Libby Smigel AB MFA PhD, Dance Archivist, Library of Congress, was project director of Dance Heritage Coalition’s copyright and fair use project in 2007-2009. Confirmed as Executive Director of DHC in November 2009, she oversaw the pilot phase of DHC’s preservation-quality videotape digitization project that also streamed content to verified educational IP addresses. She also worked with dance companies to develop sustainable archival solutions for their in-house collections, and she also secured IMLS funding to expand the DHC intern program into a robust multi-year fellowship program for early-career archivists, among other initiatives. Following completion of her doctorate from the University of Toronto in 1992, Smigel had a 15-year career as a faculty member, teaching undergrad and graduate courses in drama/theatre and dance history at an array of higher education institutions, such as American University, George Washington University, the University of Maryland, Hobart and William Smith Colleges, York University, and Rochester Institute of Technology. An active dance researcher and editor, she has contributed entries for the Dictionary of American Biography, was consultant on antiquity entries for the International Encyclopedia of Dance (Oxford UP), served on the first board of directors of the Society of Dance History Scholars (now Dance Studies Association), and currently serves as an Associate Editor of the Journal of American Culture.
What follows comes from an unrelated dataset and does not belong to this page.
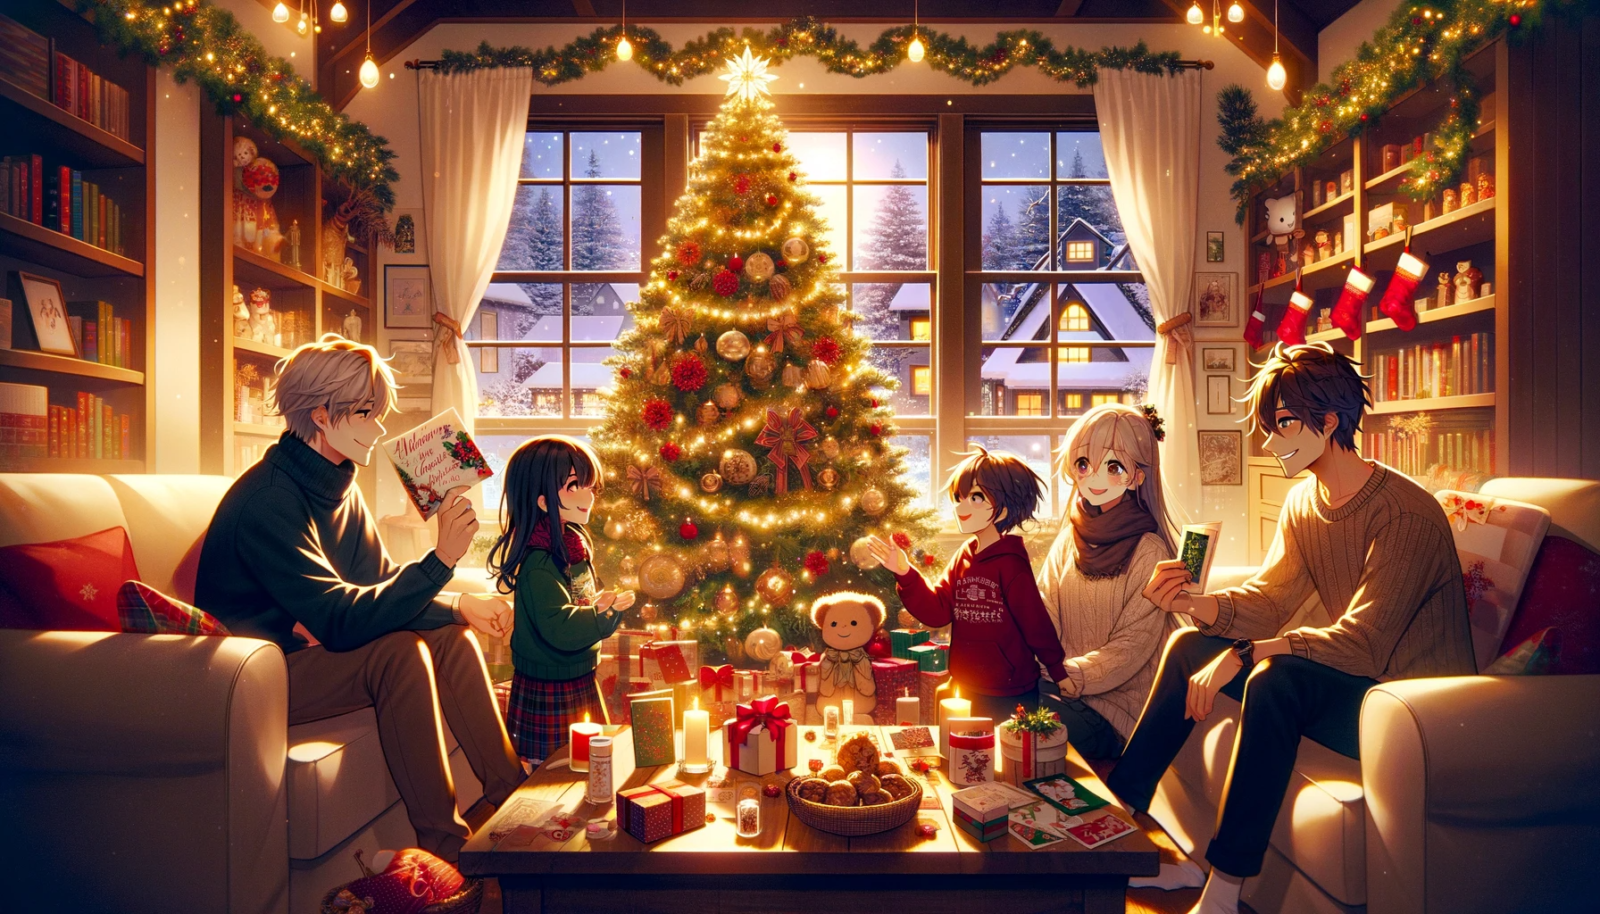 クリスマスには、可愛い言葉で愛情を伝える素敵な方法があります。この記事では、クリスマスメッセージの魅力と、家族や友人、恋人、子供への可愛いメッセージの文例を探求します。心温まるクリスマスカードやギフトに込める言葉のアイデアをご提供します。クリスマスの特別な瞬間をより特別にするためのインスピレーションを見つけましょう。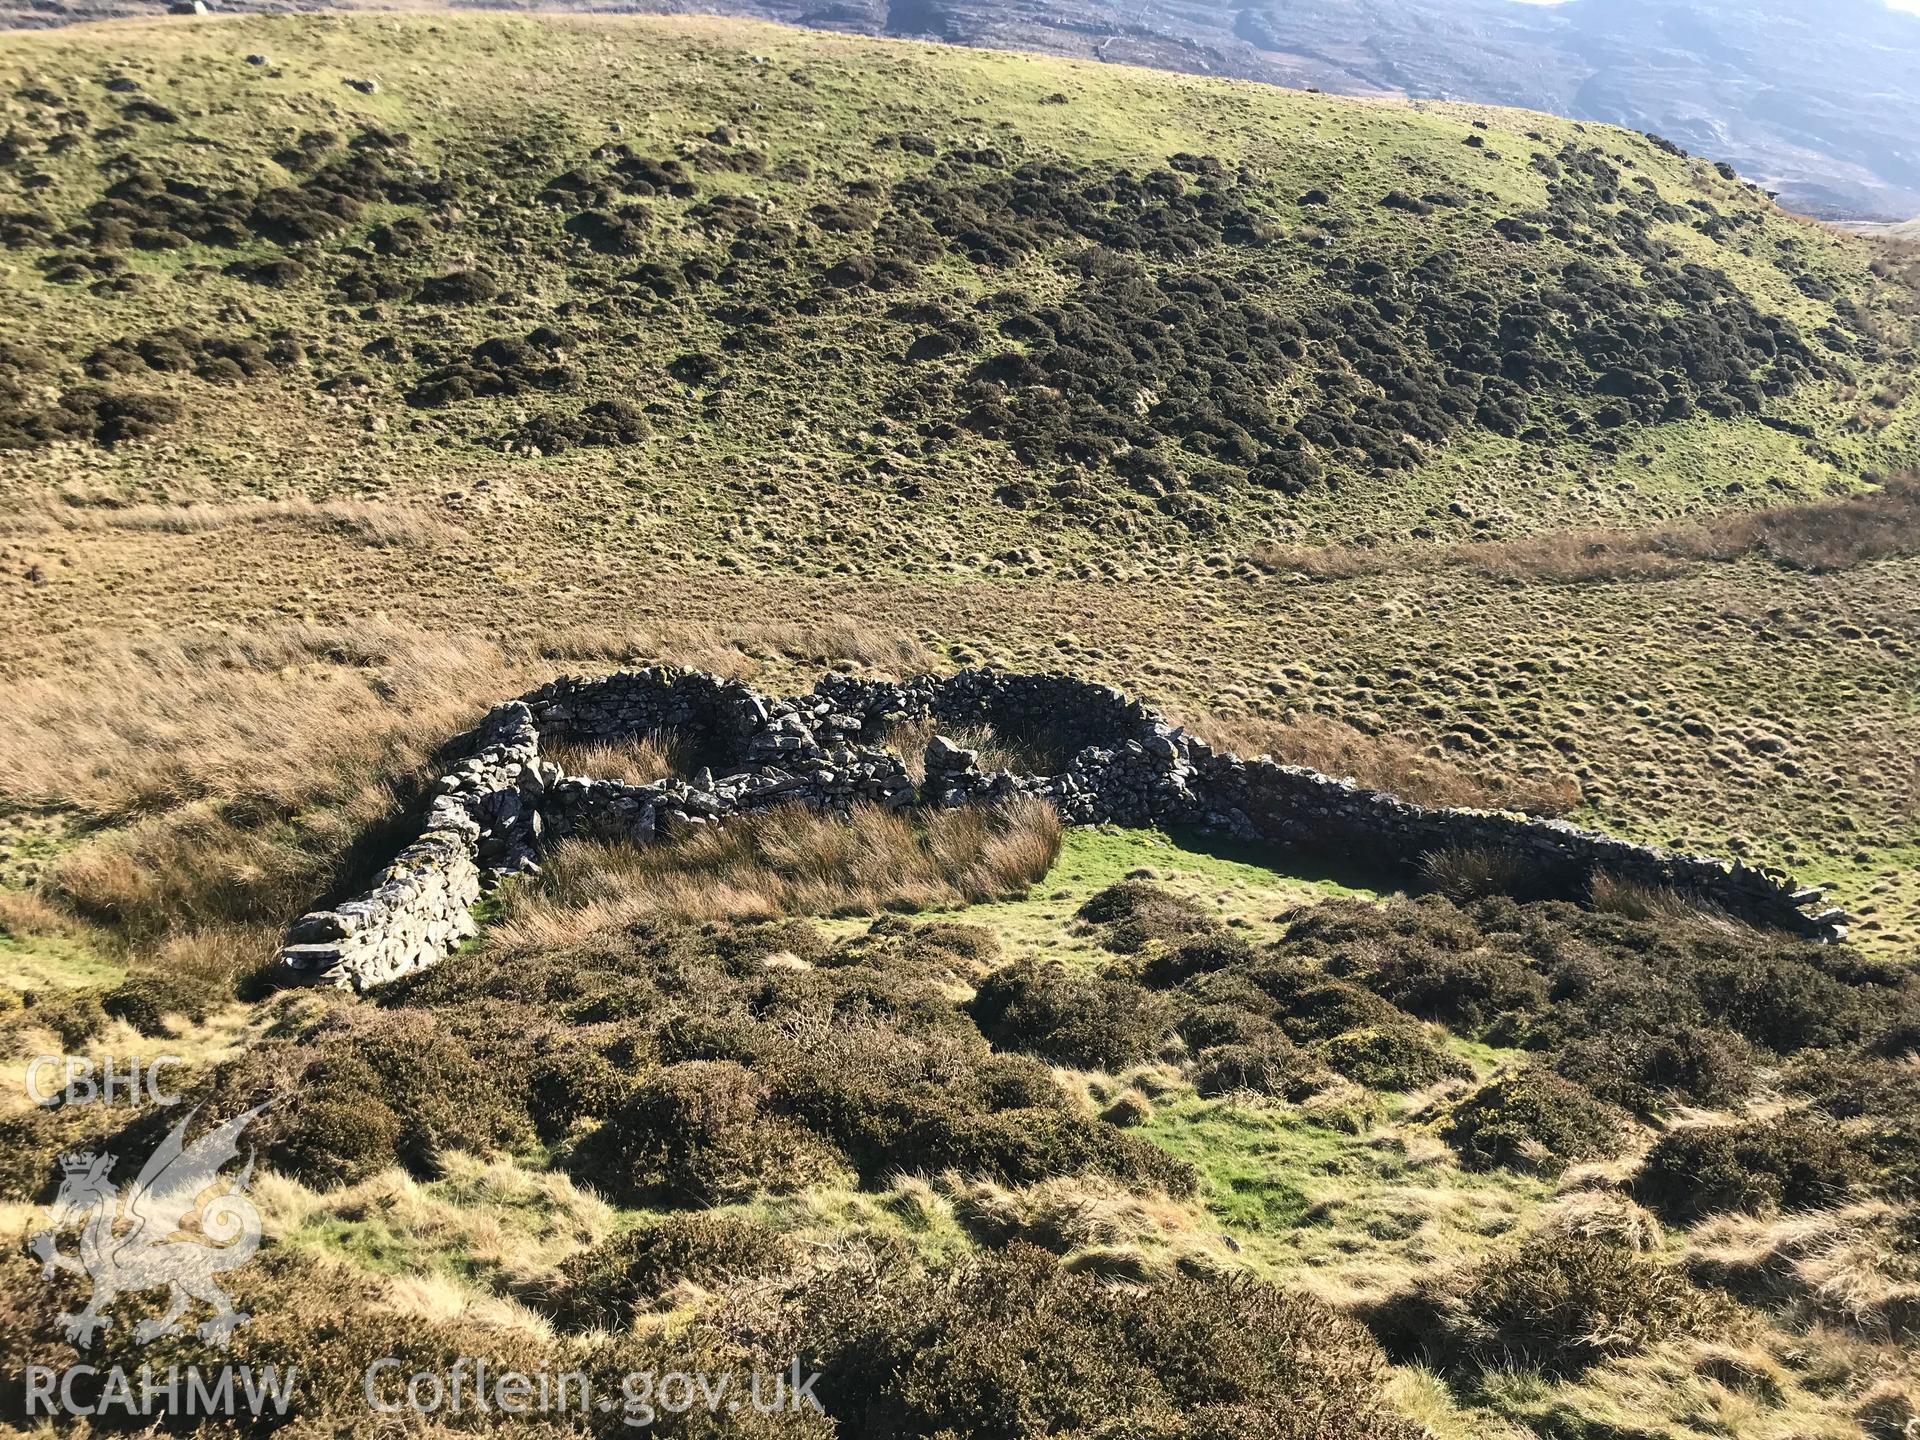 Digital colour photograph of sheepfold or building south east of Llyn Caerwych, Moel-y-Geifr, Talsarnau, taken by Paul R. Davis on 15th February 2019.

Lynne Weber, MBA, MSE, Dance Notation Bureau

Lynne Weber, Executive Director of the Dance Notation Bureau, is a Certified Professional Notator and Certified Teacher of Labanotation; a Certified Movement Analyst; and a notator of works, including Joffrey, Massine, Posin, Wagoner, Sokolow, full-evening length Sleeping Beauty, and hip hop choreographer JaQuel Knight. She received her BFA in Dance from the University of Wisconsin, Milwaukee, and danced professionally with the Milwaukee Ballet Company as well as other ballet, modern, opera, and operetta companies. She has taught Dance and Notation, choreographed for the Public Theater, and served on the Board of Directors for Congress on Research in Dance (CORD) and the American Dance Guild. In addition, she also holds an M.B.A. from the Wharton School and an M.S.E. in Computer Science from the University of Pennsylvania. She has managed consulting projects at what is now KPMG, was a Vice President at Goldman Sachs, and was a Professor in computer systems at Touro College. http://dancenotation.org/

Rachel E. Winston, MSIS, University of Texas at Austin

Rachel E. Winston is the Black Diaspora Archivist of LLILAS Benson Latin American Studies and Collections at the University of Texas at Austin. As part of her position, Winston leads efforts, working with faculty and other library professionals, to establish the Black Diaspora archive, to be housed at the Benson Latin American Collection. The Benson Collection is a global destination for research and study, featuring over a million volumes as well as a wealth of original manuscripts, photographs and various media related to Mexico, Central and South America, the Caribbean and Latina/Latino presence in the United States. Winston earned her MSIS with a portfolio in museum studies from UT Austin, where her graduate studies focused largely on archives and cultural records. Prior to that, she earned her BA in anthropology with a minor in French from Davidson College, and is also a graduate of the Coro Fellows Program in Public Affairs. Prior to joining the Benson, Rachel worked in UT Black Studies as Art Registrar and Archivist, and at St. Louis Soldiers Memorial and Military Museum. She is an American Library Association Spectrum Scholar and a Society of American Archivists Harold T. Pinkett Award winner.